## Task brief
Exactly and only the lines below from the one containing "Affordable Fashion Glasses" down to the one containing "Group of people walking along the sidewalk" are wanted, both included; please exclude every picture.

## Extracted records

▼

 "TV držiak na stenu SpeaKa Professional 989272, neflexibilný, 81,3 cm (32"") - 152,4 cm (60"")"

▲
▼

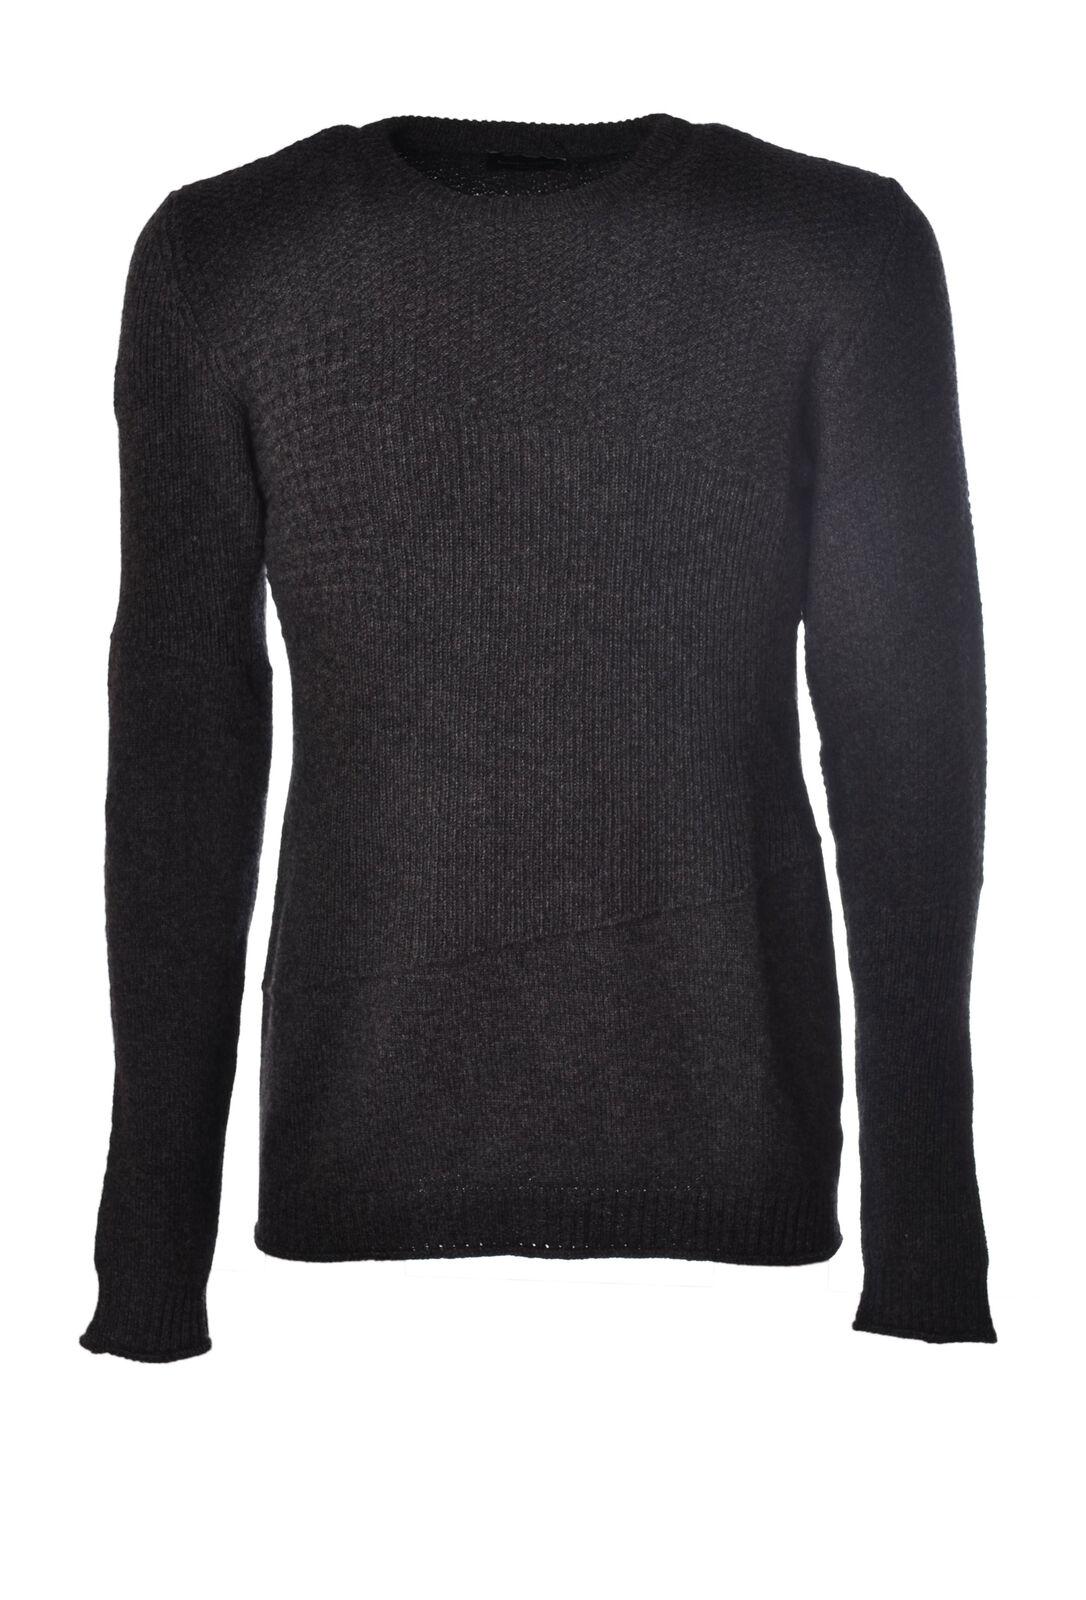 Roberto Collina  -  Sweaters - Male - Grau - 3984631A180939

▲
▼

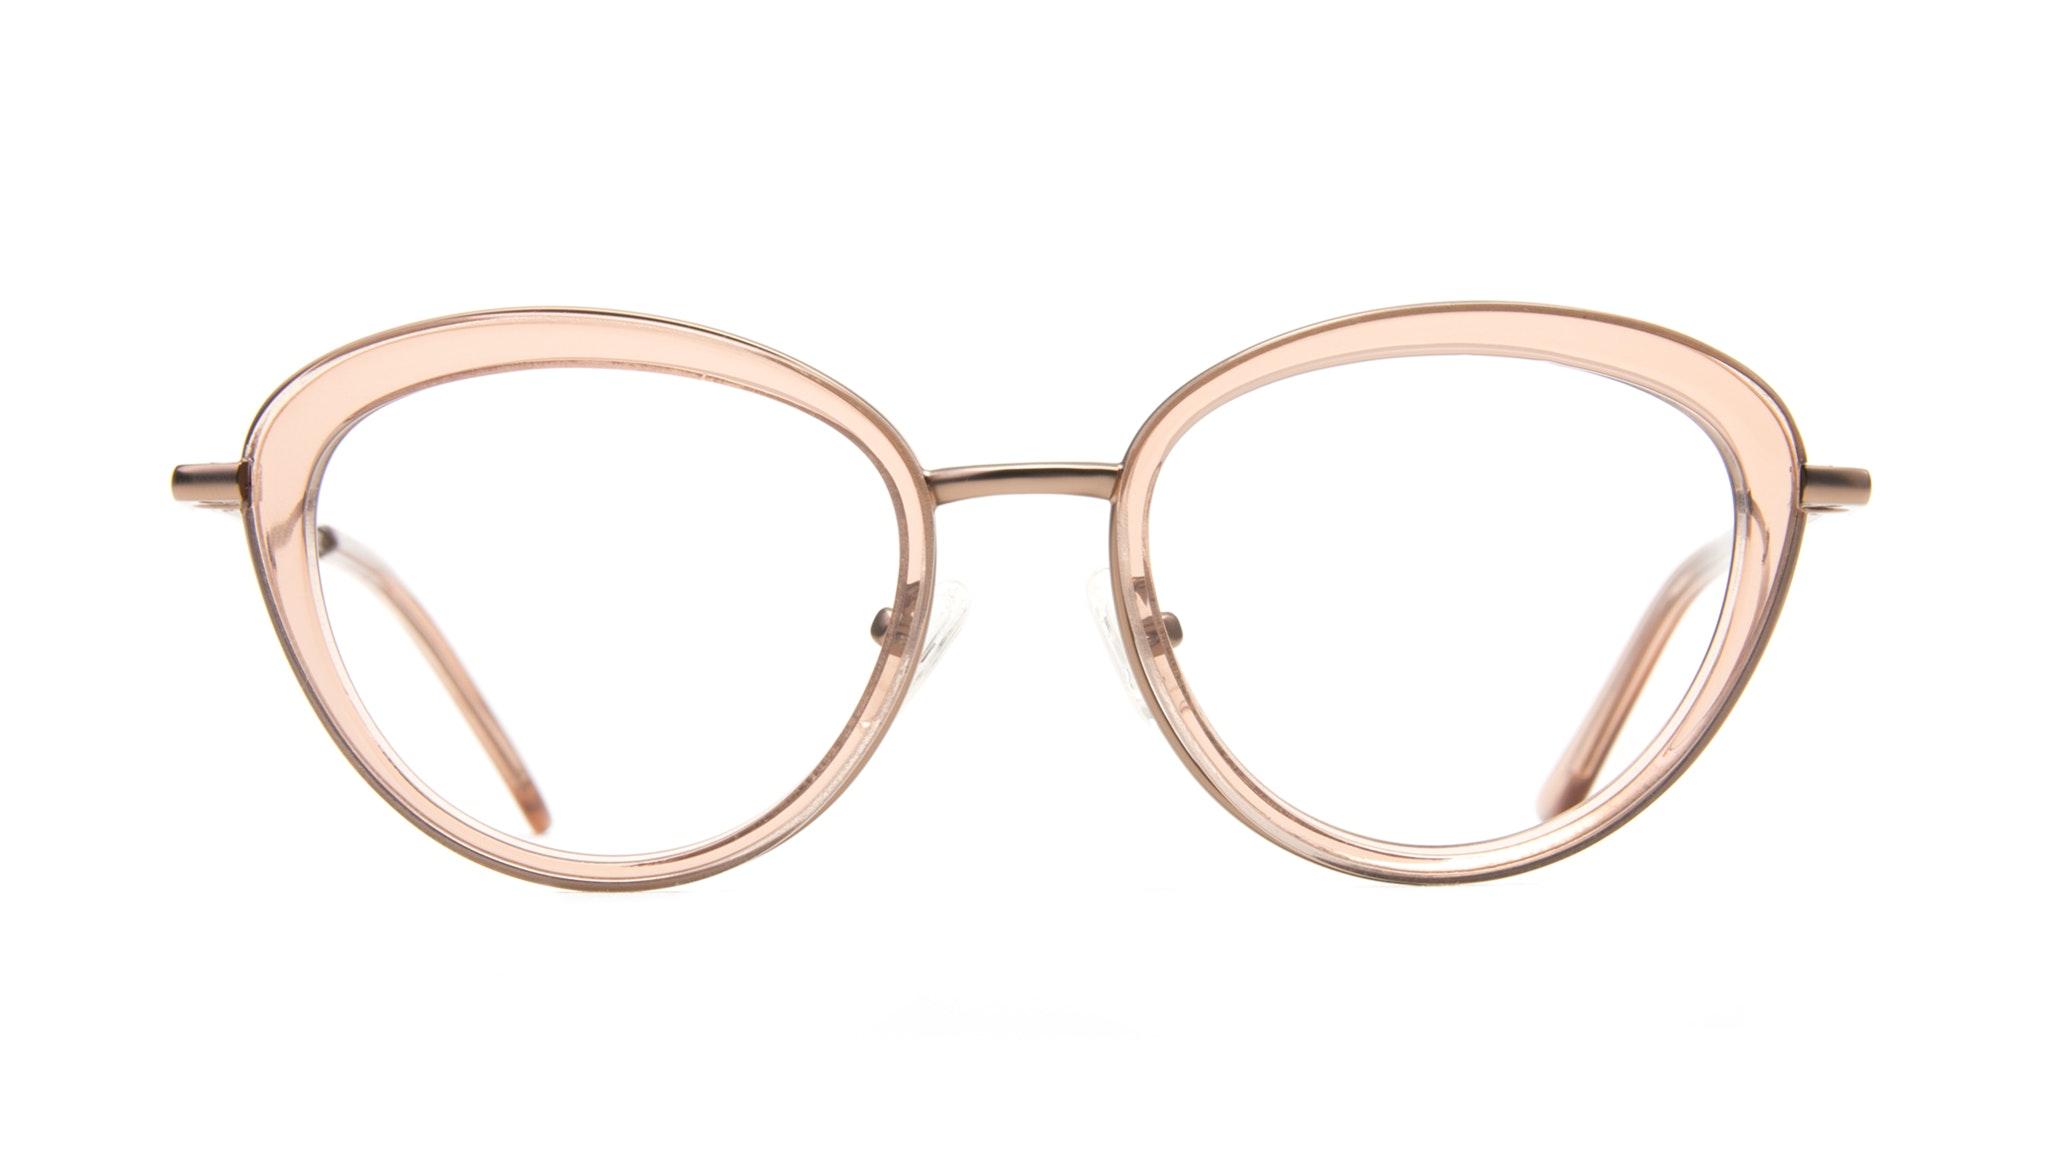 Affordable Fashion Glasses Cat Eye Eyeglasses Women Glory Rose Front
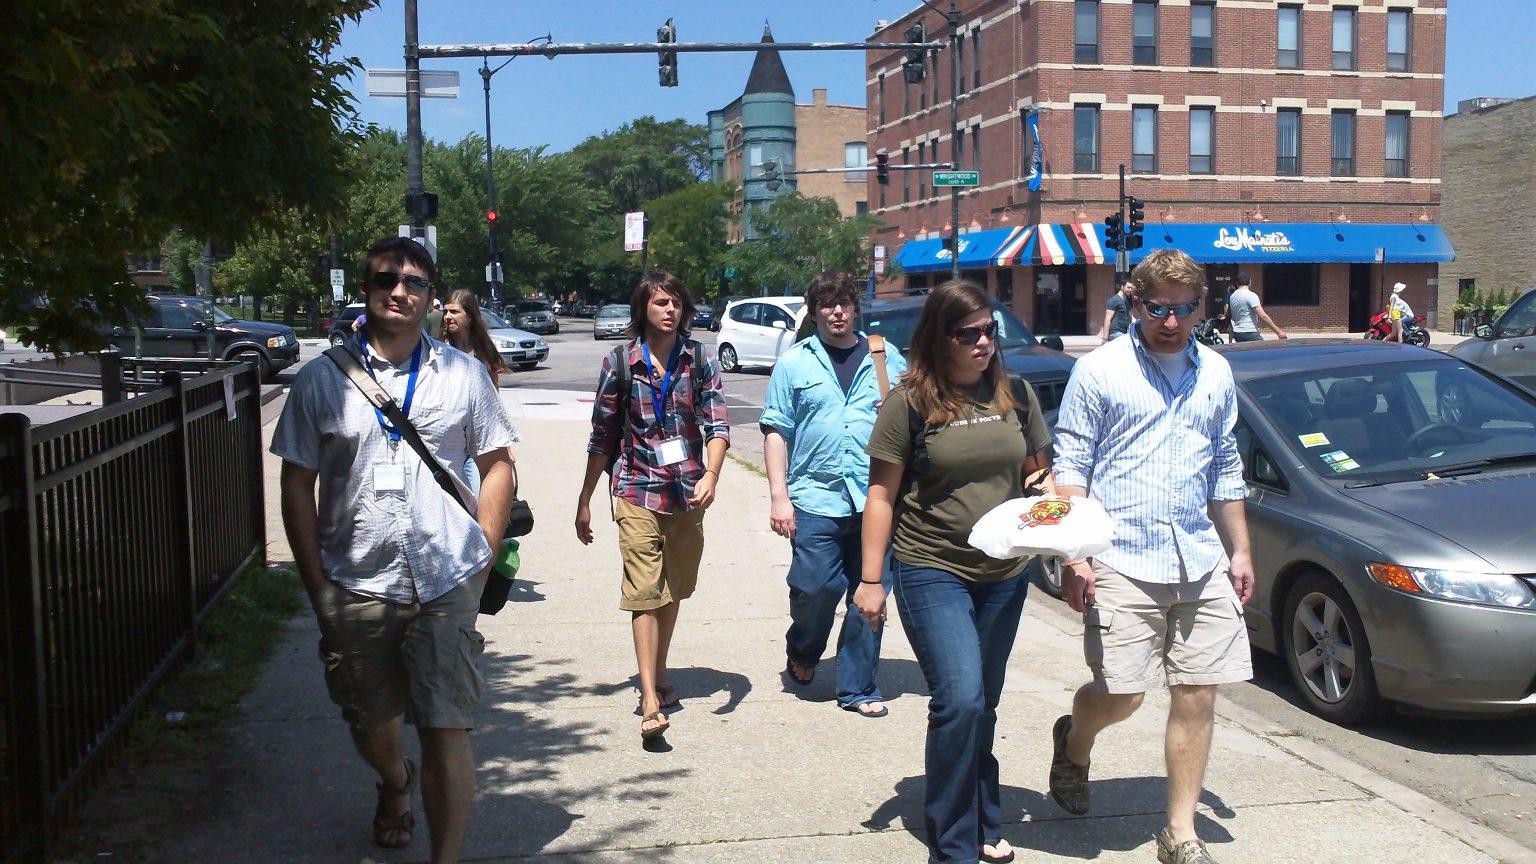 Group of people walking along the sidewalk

▲

## Written solution
 Affordable Fashion Glasses Cat Eye Eyeglasses Women Glory Rose Front
 Group of people walking along the sidewalk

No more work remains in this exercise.